Background Wild boar is an important reservoir of Mycobacterium tuberculosis variant bovis, the main causative agent of bovine tuberculosis (bTB). A proportion of tuberculosis (TB)-affected wild boars shed M tuberculosis by nasal route, favouring the maintenance of bTB in a multihost scenario. The aim of this work was to assess if M tuberculosis nasal excretion is influenced by factors commonly associated with high TB prevalence in wild boar.

Methods TB diagnosis and M tuberculosis isolation were carried out in 112 hunted wild boars from mid-western Spain. The association between the presence of M tuberculosis DNA in nasal secretions and explanatory factors was explored using partial least squares regression (PLSR) approaches.

Results DNA from M tuberculosis was detected in 40.8 per cent nasal secretions of the TB-affected animals.

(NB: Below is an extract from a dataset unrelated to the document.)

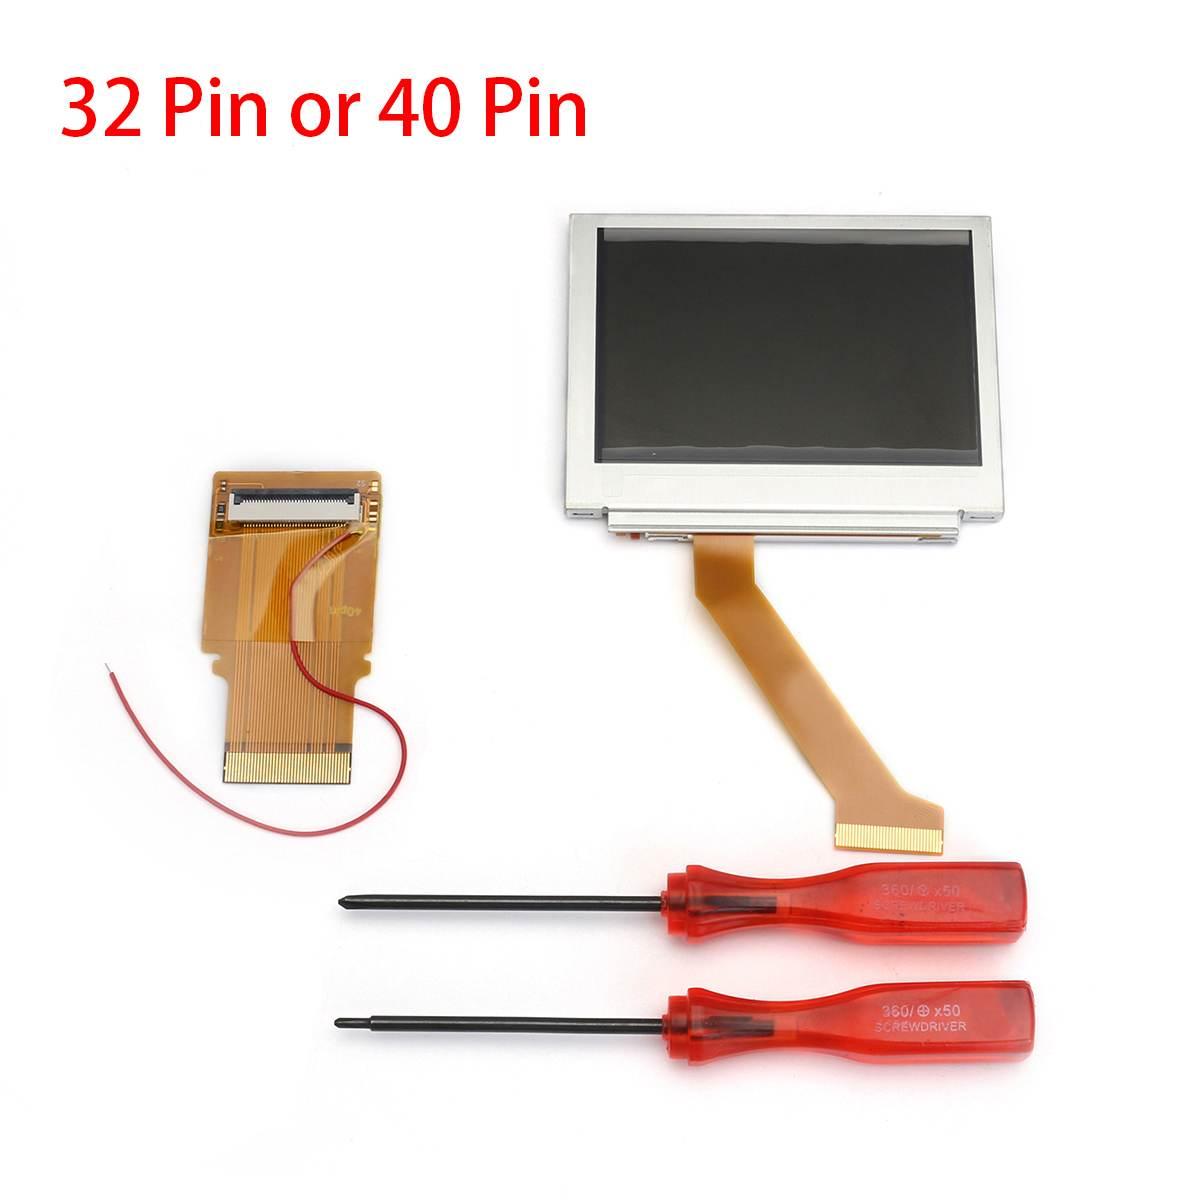 40 булавки/32 булавки ленточный кабель адаптер с подсветкой + GBA SP AGS 101 с подсветкой экран Mod Kit для игр мальчик Advance видео запчасти авто

Explanatory factors provided a first significant PLSR X’s component, explaining 25.70 per cent of the variability observed in M tuberculosis nasal shedding. The presence of M tuberculosis in nasal secretions is more probable in animals suffering from generalised TB and mainly coinfected with Metastrongylus species and porcine circovirus type 2, explaining nearly 90 per cent of the total variance of this model.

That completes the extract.